I like this book very much but cannot say that I have assimilated much of it yet. But it describes a line of thinking which I think is going to come into its own over the course of this new century. The bibliography is excellent.

Mereology all begins with Husserl's Logical Investigations in 1901. These have little impact, and were not translated into English until 1970. Whitehead writes on related subjects, but he made for notoriously hard reading. (In the 1980s, Bowman Clarke splendidly corrects Whitehead's theory.) The American Theodore De Laguna adds his 2 cents worth in 1922. Lesniewski in Poland writes fascinating stuff on this topic, but nobody understands him except his brilliant student Tarski, who writes a nice little introduction but buries it as a technical appendix to a British book on mathematical biology. The USA philosopher Nelson Goodman finally produces a user-friendly version, and calls it the calculus of individuals. Nobody pays much attention, and that's a pity.

The formal theory of part and whole finally takes off in the 1960s and now flourishes. Parts and Places is an excellent university level introduction to this theory, known as mereology.
Mereology is seen as a type of philosophy, and Casati and Varzi are most definitely highly competent philosophers writing in the relaxed manner of contemporary English language philosophy. But I submit that mereology is a form of math, altho' one unlike the chicken tracks that pass for math nowadays. This is math as math should be. Here's a little giveaway. C&S, like Peter Simons, refuse to apply mereology to abstract entities, and focus exclusively on material ones. Result? They are, IMHO, doing a sort of deep geometry. Another giveaway: C&S often mention topology.

Like it or not, contemporary metaphysics has grown ever more mereological in flavor. Mereology is useful for cognitive science, and probably for linguistics. It may find applications in physics, can't say for sure. David Lewis, in his "Parts of Classes" convinced me that a mereological refoundation of ZF set theory was possible. I believe, along with Richard Martin (1916-85) that all of mathematics will eventually be recast on mereological lines. Many of the details have already been worked out; consult any topology text. If mereology displaces set theory, P&P and "Holes" become classics.

Mereology is first order logic with equality and a primitive dyadic predicate interpreted as "is included in" or "is part of".
If you grant the useful fiction of a null individual, then much
of the mathematics of mereology is good old Boolean algebra. Otherwise mereology is a join semilattice.

This book has a close competitor: Peter Simons's "Parts" of 1987.
The first 100 pages of Parts is a better introduction to the formalities of classical mereology than P&P. Sadly, he does not believe in that theory. Simons's bibliography is even more thorough than C&S's for the pre 1986 period. But Simons gets bogged down in philosophical issues. For instance, he thinks that mereology must be done with free logic instead of first order logic. He does not give the impression that mereology is a formal system with a promising future. C&S most definitely do.

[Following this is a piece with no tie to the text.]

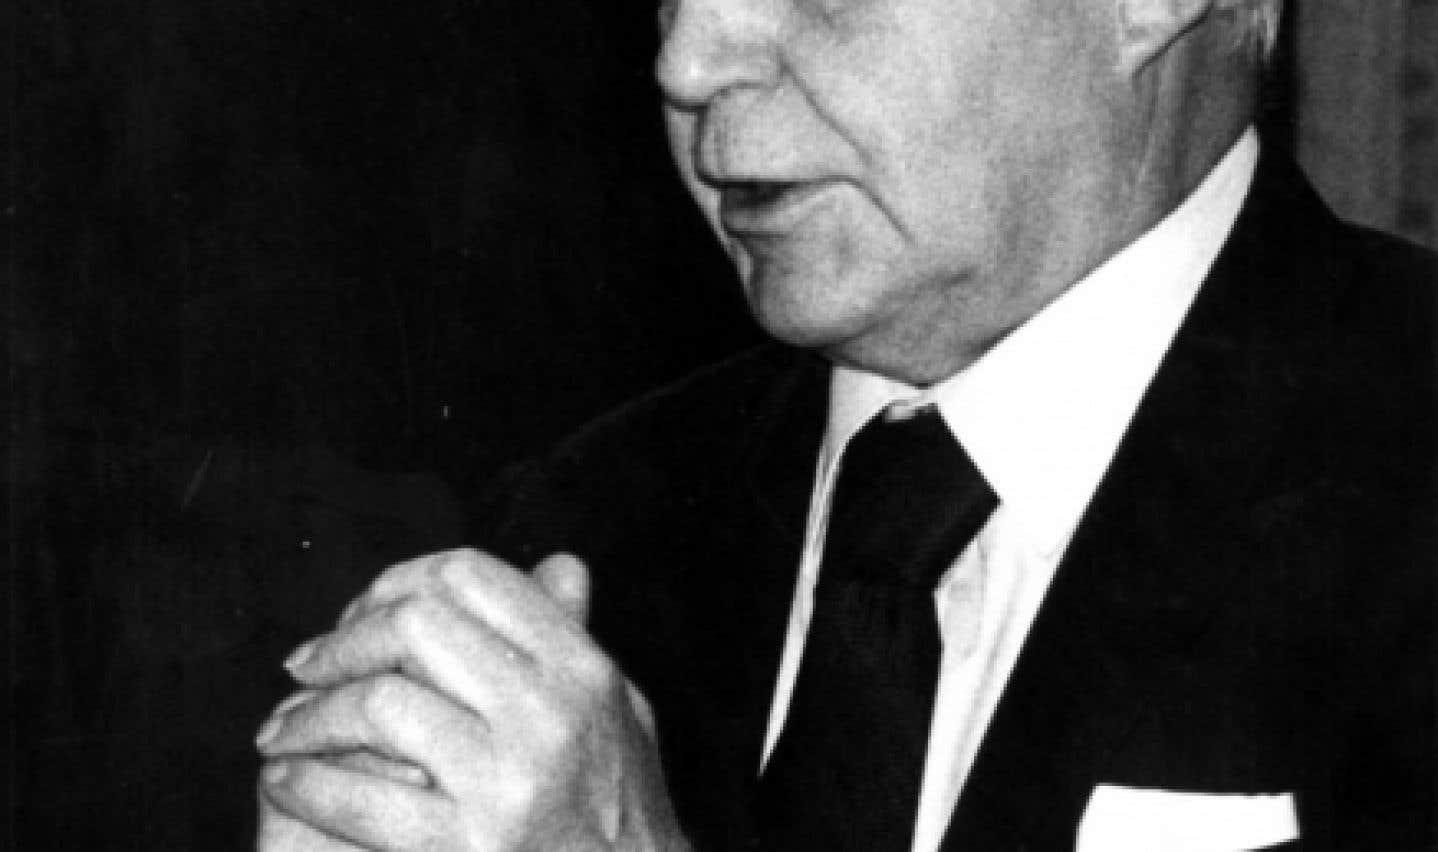 Jean-Marc Léger devient en 1961 le premier secrétaire général de l'Association des universités partiellement ou entièrement francophones (AUPELF).

Sometimes it seems like philosophy has been caught in amber since the days of Aristotle and Plato with the same tired arguments simply being restated. Or perhaps it is simply the fact that to be anywhere outside of the "box" in philosophy immediately makes one a crank.

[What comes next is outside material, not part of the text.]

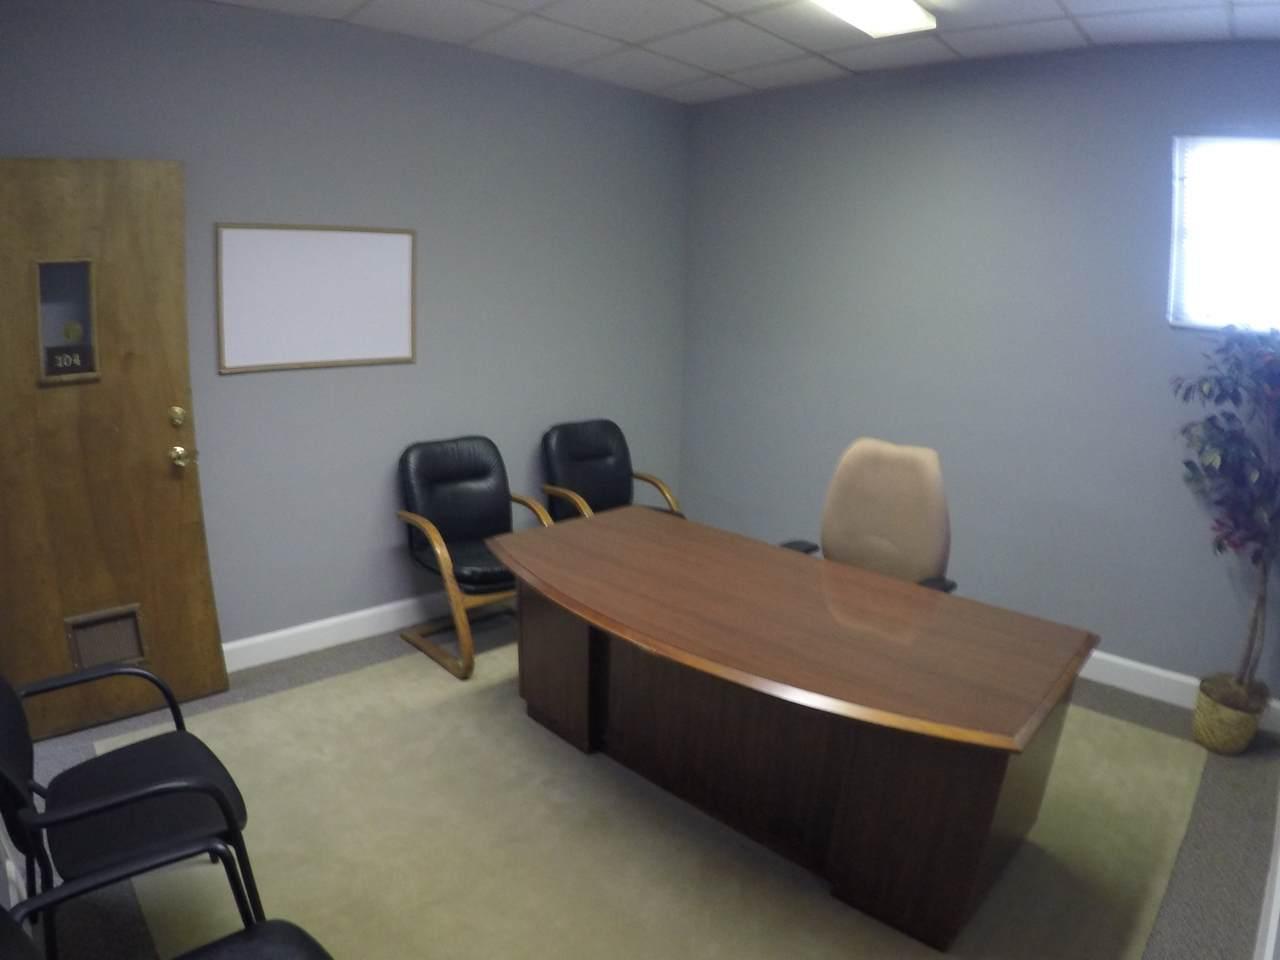 315 W Main St Suite 104 - Photo 1

Casati and Varzi have bucked the trend to rehash old ideas and have broken a lot of new and very interesting ground in mereotopology. That is, they have put the study of parts and wholes (mereology) on some firm footing by starting with some ideas from topology and creating a first level theory.

Funny as it seems, the area of describing the ontology of wholes and their parts has been very fuzzy since the days of Aristotle. Only in a very literary sense have this "minor" (only kidding, of course) area been explored in the history of philosophy; something the reader realizes very quickly a chapter into this book.

This book is not for the faint of heart or those without some background in formal expressions. I believe the authors have English as a second language and, although the language is proper, it is also somewhat formal. I kept hoping for some breaks for humour or at least some variation in language but this book is a bit relentless.

The authors develop many axioms for mereotopology for everything from "standard" topological relations up to holes and boundaries. Many relations we would consider to be basic (read: boring) and mundane are revealed in a new light when one attempts to formalize them.

The only possible nit I would pick with the book is the fact that many areas have now recieved further treatment from the authors. In other words, I feel this book was released a bit too soon since, if one reads the papers at the author's websites, one sees the interesting developments. Particularly fiat boundaries, which are very interesting for many reasons, recieve only passing treatment in the book. One must read papers for more.

The authors also do not get into any epistemological arguments which I feel would not be out of place. Given that many axioms owe a great deal to how one defines "truth" the authors need a little more included in the book; they also have some very interesting ideas in this area.

Varzi and Casati offer a survey of philosophy far better than anything you'll find in textbooks and histories. Their's is a *demonstration* of philosophy: philosophy in action, applied to a ancient conundrum, yielding explanations and sometimes even answers. For all of you who are curious about what those philosophers were always doing arguing on the steps of the English department, why they would brush by you staring at the ground mumbling about ontology and reference, or just what in the world they've been up to for the past 2000 years--this is your book!